US Dollar Index Rebounds Amid Fading Middle East Peace Hopes and Looming Inflation Data

Bullish (0.3)Impact: Medium

Published on June 9, 2026 (3 hours ago) · By Vibe Trader

The United States Dollar Index (DXY) rebounded on Tuesday, recovering from an intraday low of 99.68 to trade around 99.93, as market sentiment shifted in response to developments in the Middle East and anticipation of upcoming US inflation data [1]. Earlier optimism regarding a potential US-Iran deal was dampened after US President Donald Trump reported that Iran had shot down a US Apache helicopter over the Strait of Hormuz, stating, 'the United States must, of necessity, respond to this attack' [1]. This incident, alongside ongoing Israeli military operations in Southern Lebanon and Iran's warning that fighting could resume if Israel continued its 'aggression,' reduced hopes for a near-term peace agreement between the US and Iran [1].

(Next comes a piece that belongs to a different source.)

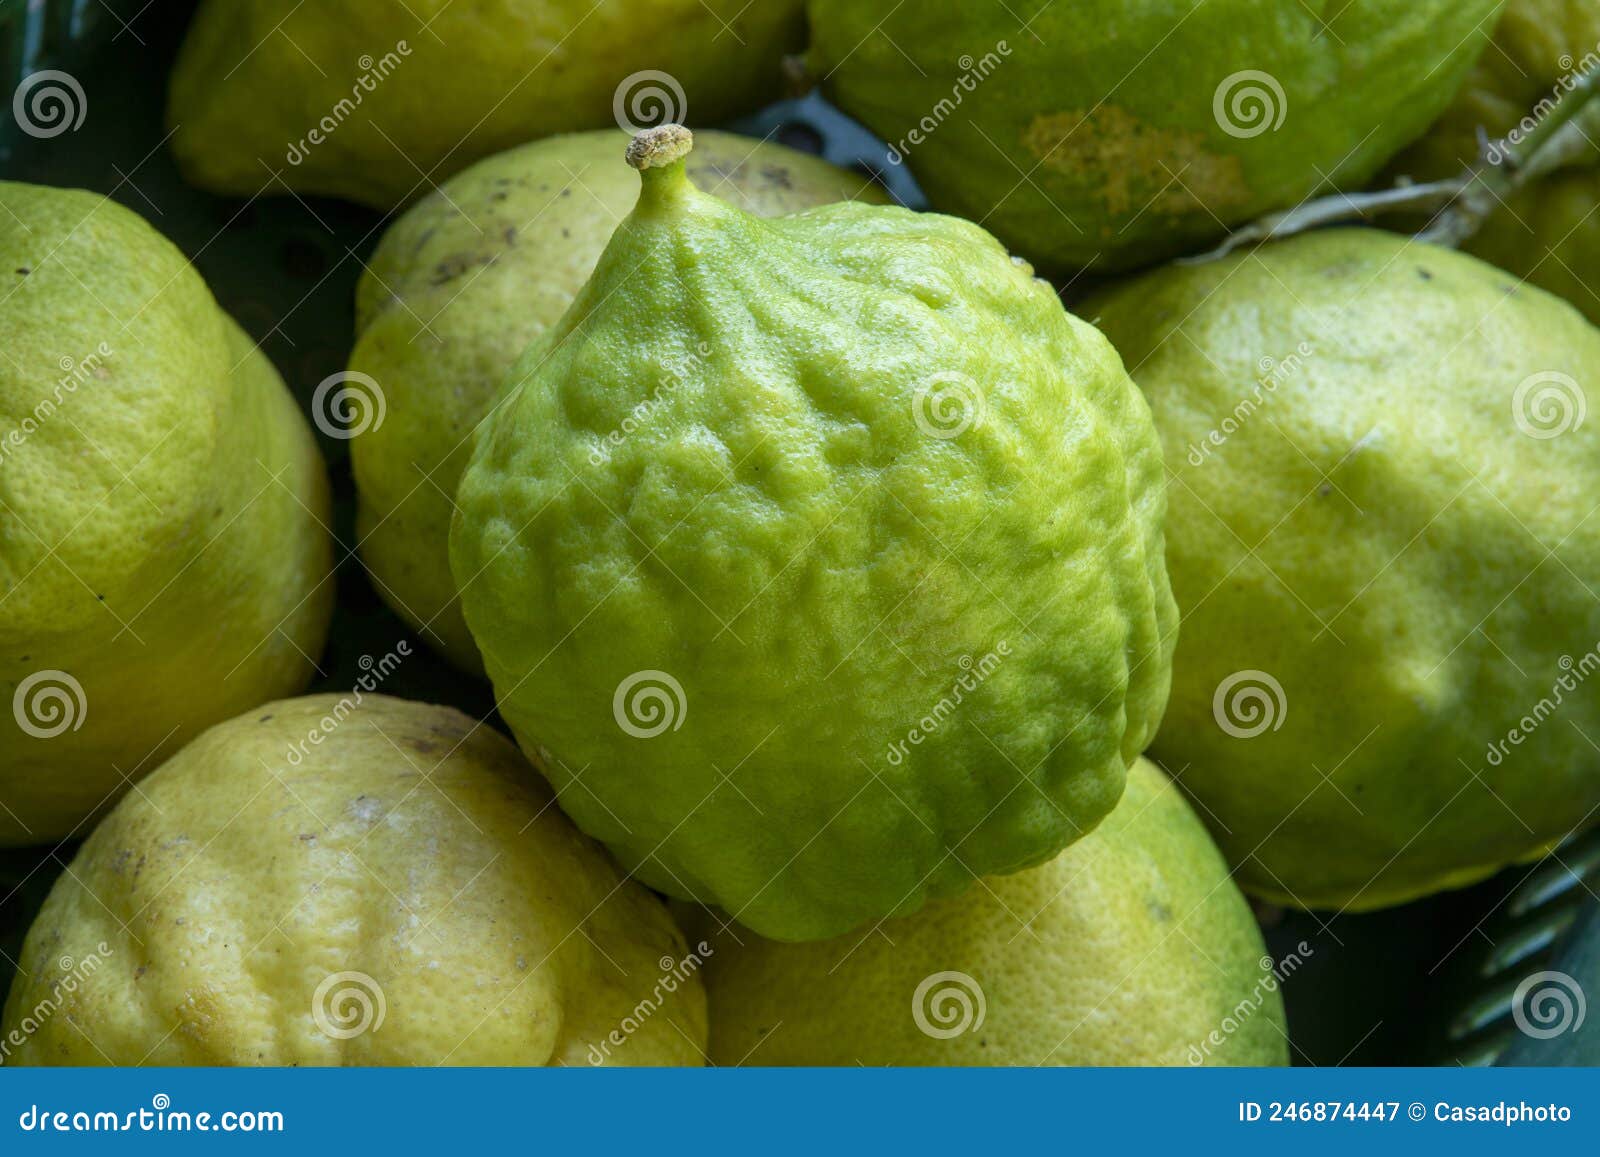 cider or cidra in portuguese is a citrus fruit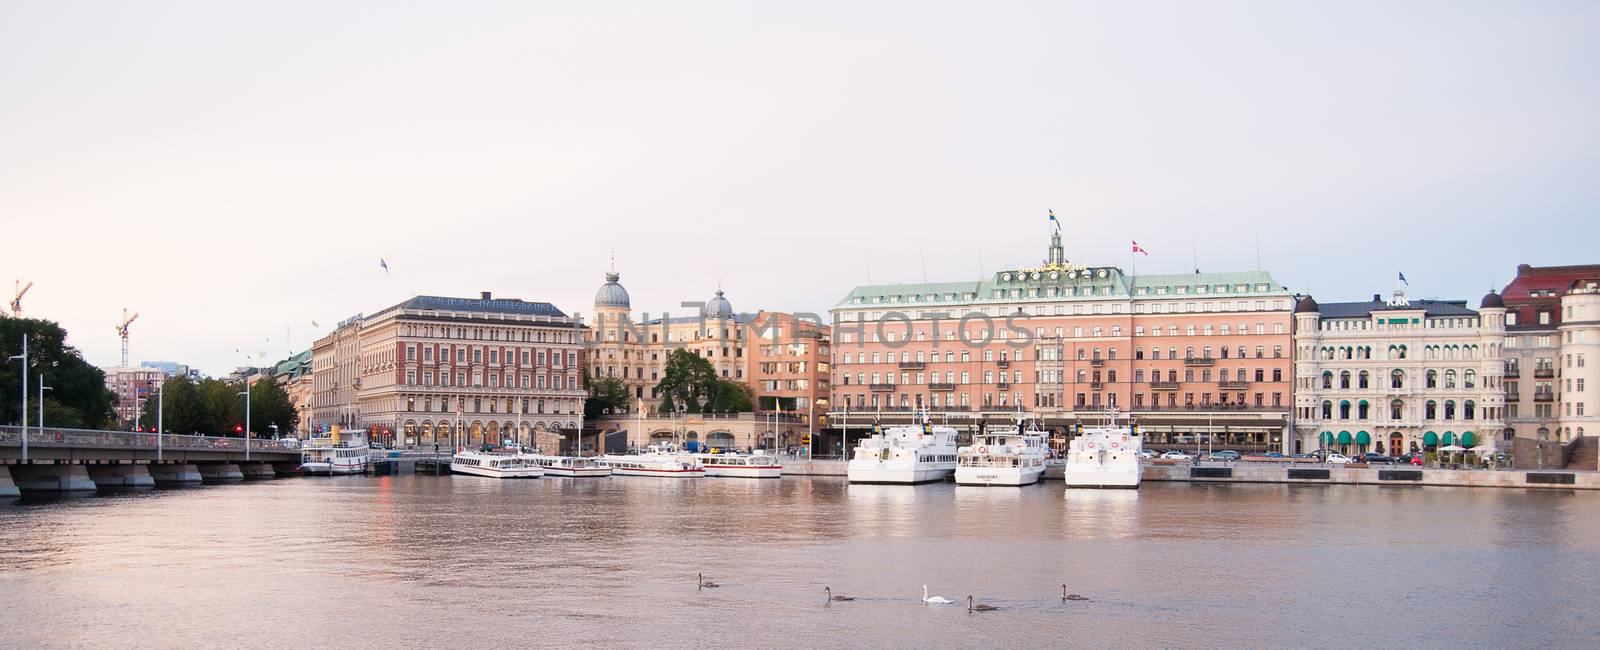 Stockholm summer vacation in Sweden for tourist

The safe-haven demand for the US Dollar remained intact due to these geopolitical tensions, and the Greenback also found support from expectations of a hawkish Federal Reserve in the face of energy-driven inflationary pressures [1]. Market participants are now focused on the US inflation report scheduled for release on Wednesday, with economists forecasting the annual headline Consumer Price Index (CPI) to rise to 4.2% in May from 3.8% in April, and core CPI to edge up to 2.9% from 2.8% [1]. A stronger-than-expected inflation reading could reinforce expectations for a Federal Reserve rate hike before the end of the year, further supporting the USD [1].

According to the CME FedWatch Tool, markets are currently pricing in a 35% chance of a 25-basis-point rate hike in September, with the odds increasing to 40% for October and 42% for December [1]. The CPI, a key indicator of inflation and purchasing trends, is closely watched by traders, as a high reading is generally seen as bullish for the US Dollar [1].

CONCLUSION

Geopolitical tensions in the Middle East and anticipation of higher US inflation have bolstered the US Dollar Index, with markets increasingly expecting a Federal Reserve rate hike later in the year. The upcoming CPI report is likely to be a key driver for the USD's near-term direction.